Robin Williams passed away yesterday and the cause of death is thought to be suicide. He, apparently, had struggled with this disease for some time. All over the web there has been an outpouring of grief, and rightfully so, as we have lost one of the funniest men alive. Unfortunately there has also been an amazing display of ignorance. Every quote you see at the top of this article was in one of my social media feeds either this morning or last night and every one of them pissed me off to no end. The stigma of mental illness in this country is sickening. This is what I posted on Facebook this morning:

I have seen a lot of comments about Robin Williams alleged suicide and how it was either selfish or weak. Having been there myself, and come out the other side, I can’t agree with losing respect for a person who lost their battle with mental illness. That attitude takes away from the seriousness of the struggle. Don’t get me wrong, it shows great strength to have battled it and defeated it but to say that it’s worthy of losing respect for someone is like saying that it’s worthy of losing respect for someone who lost their battle with cancer. Mental illness can be very serious, depression and bipolar disorder being some of the most dangerous types, and it’s possible that none of us who think we have been there had it as bad as he did. Couple that with alcoholism and you have a very dangerous cocktail. We don’t know what was going on inside his head and that’s a fact. You might say that you were there, that you made your attempt, and I don’t doubt you. I was there as well and made mine. How does a lack of success make any of us better than a man who did exactly what some of us have done, the only difference being success?

He leaves behind an impressive body of work and the world has less joy in that it did two days ago. The why doesn’t matter, if it had been cancer there wouldn’t be any posts like this at all. The fact is that mental illness has been treated poorly in this country and we don’t give it the gravity it deserves. His death is tragic and worthy of grief and his family deserves better than any of our arrogant musings on his weakness of mind or lack of stamina. It doesn’t matter if any of us have been there or not, in fact if we have, if we’ve held that blade to our wrist, put that gun in our mouth, tied that noose, or closed that garage door with the car running then we’re simply lucky that we didn’t succeed.

The fact is that people don’t get help because of the stigma attached to admitting that you struggle with a mental illness. You all know that I am brash, loud, foul mouthed, and even admit my past problems with illegal substances and to the casual observer it might seem like there’s nothing that would embarrass me. The truth is that what I posted on Facebook this morning was one of the hardest things I’ve posted. Admitting that you’ve struggled with depression, coming out as bipolar, or any other mental illness is still seen as weak, especially in this country. It’s fucking disgusting really.

With all the advances we’ve made in medicine throughout the years we still only have a very cursory knowledge of the brain. We now know that there are chemical imbalances that can cause clinical depression. We know that some drugs can help certain people but harm others. This is a frontier that we’ve really only begun to explore. And at the same time the public stigma attached to having a mental disorder is so strong that people fight these battles and never admit to anyone what’s going on in their heads. They don’t get help for fear of judgement and shame and sometimes due to this they see an easy way out, a way to end their pain, and they take their own life.

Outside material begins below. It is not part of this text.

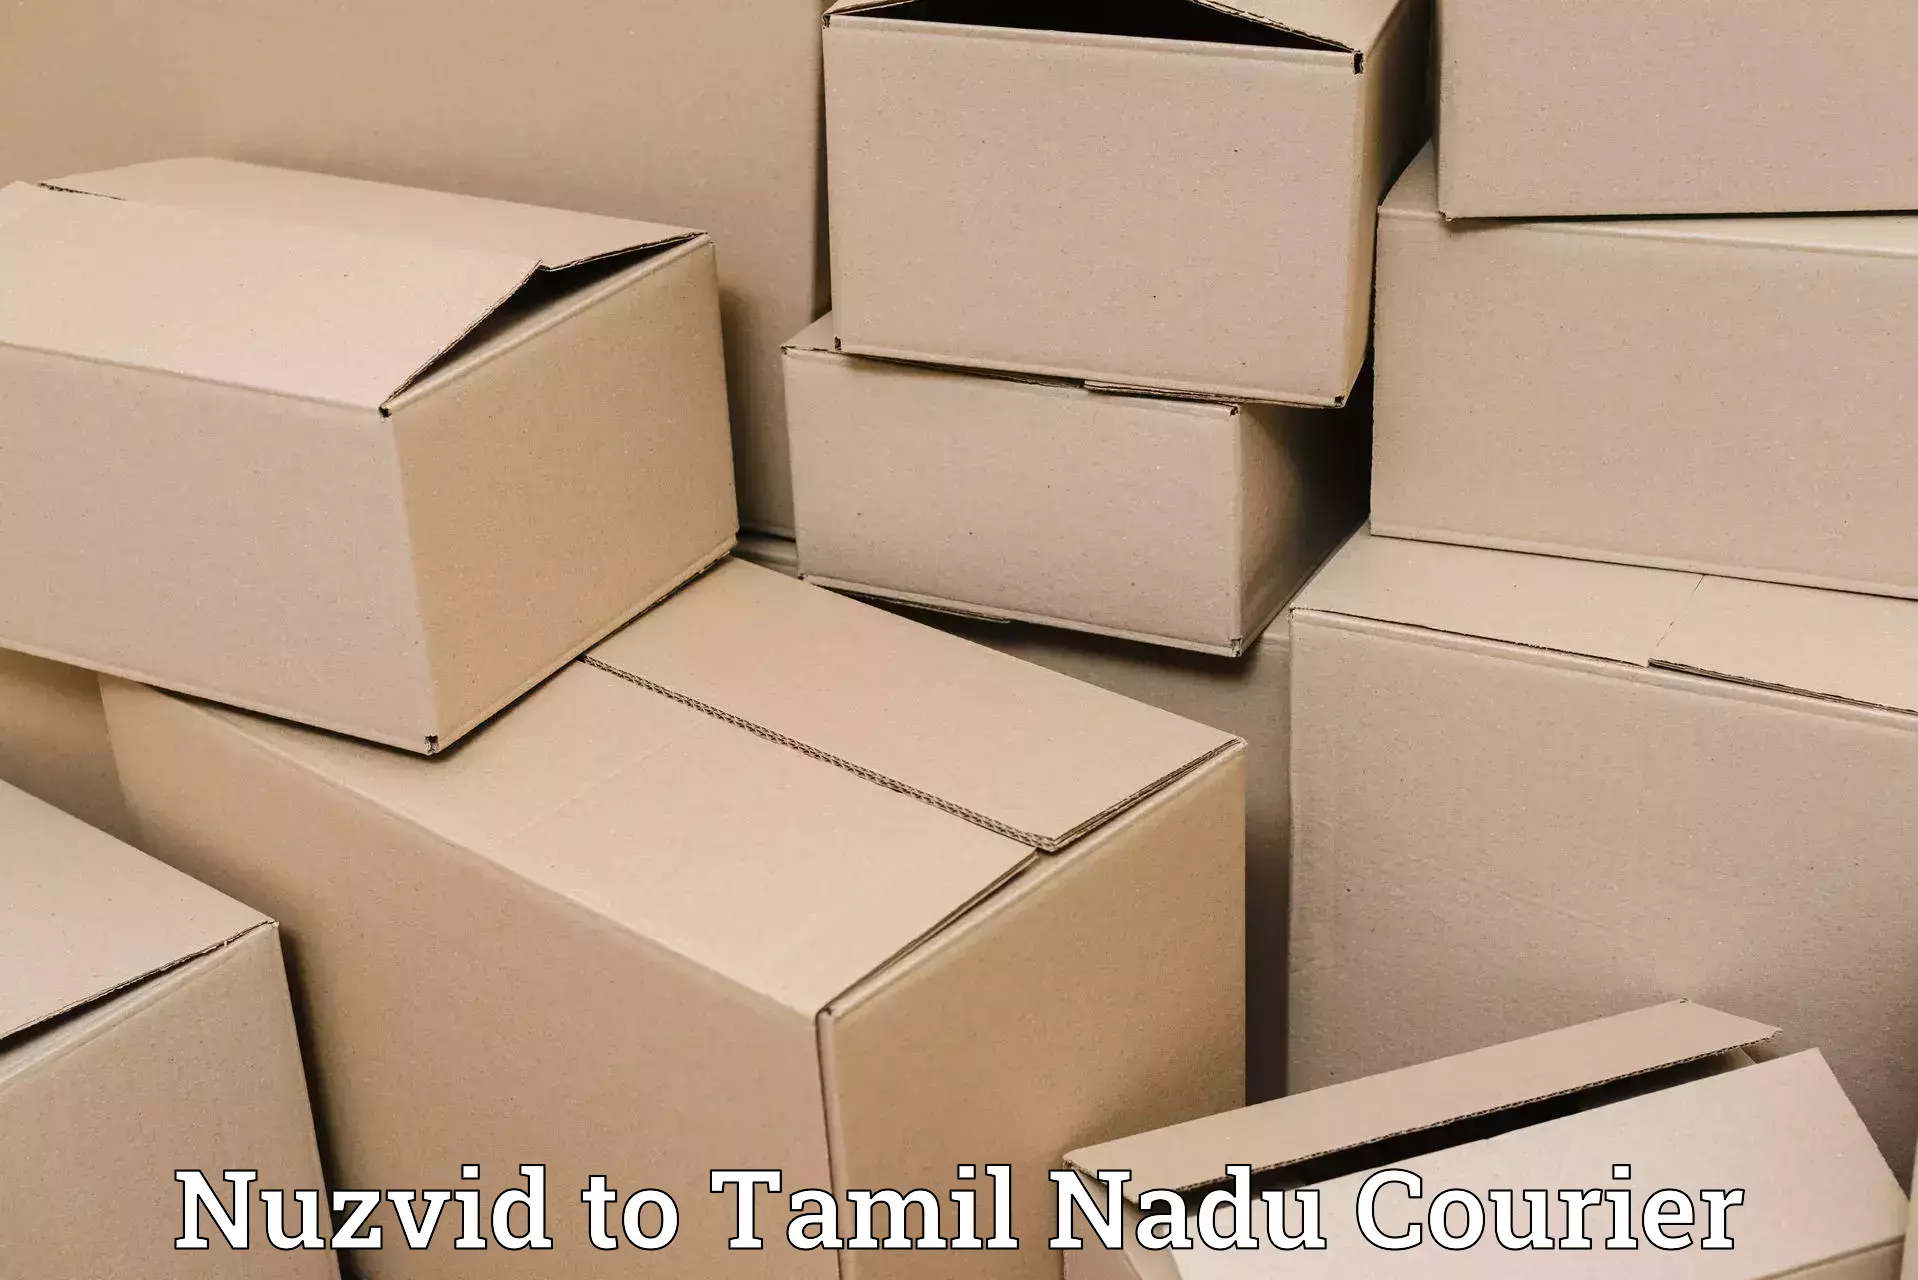 Heavy parcel delivery Nuzvid to Gudiyattam

It’s not just those that don’t get help who take their own lives, sometimes even the best help money can buy the illness wins. It’s sad and wrong but those people who lose their battle with mental disease aren’t any less worthy of our empathy or our sympathy than those who won or those who are still struggling. This goes for all mental issues from Schizophrenia to ADHD. There is no shame in having the chemicals in your brain not function properly. The only shame should be on those who look down on people who struggle with these issues. Having suffered through some of this myself this is an issue that’s very easy for me to get riled up about and the ignorance flung about over the past few hours have me seeing red!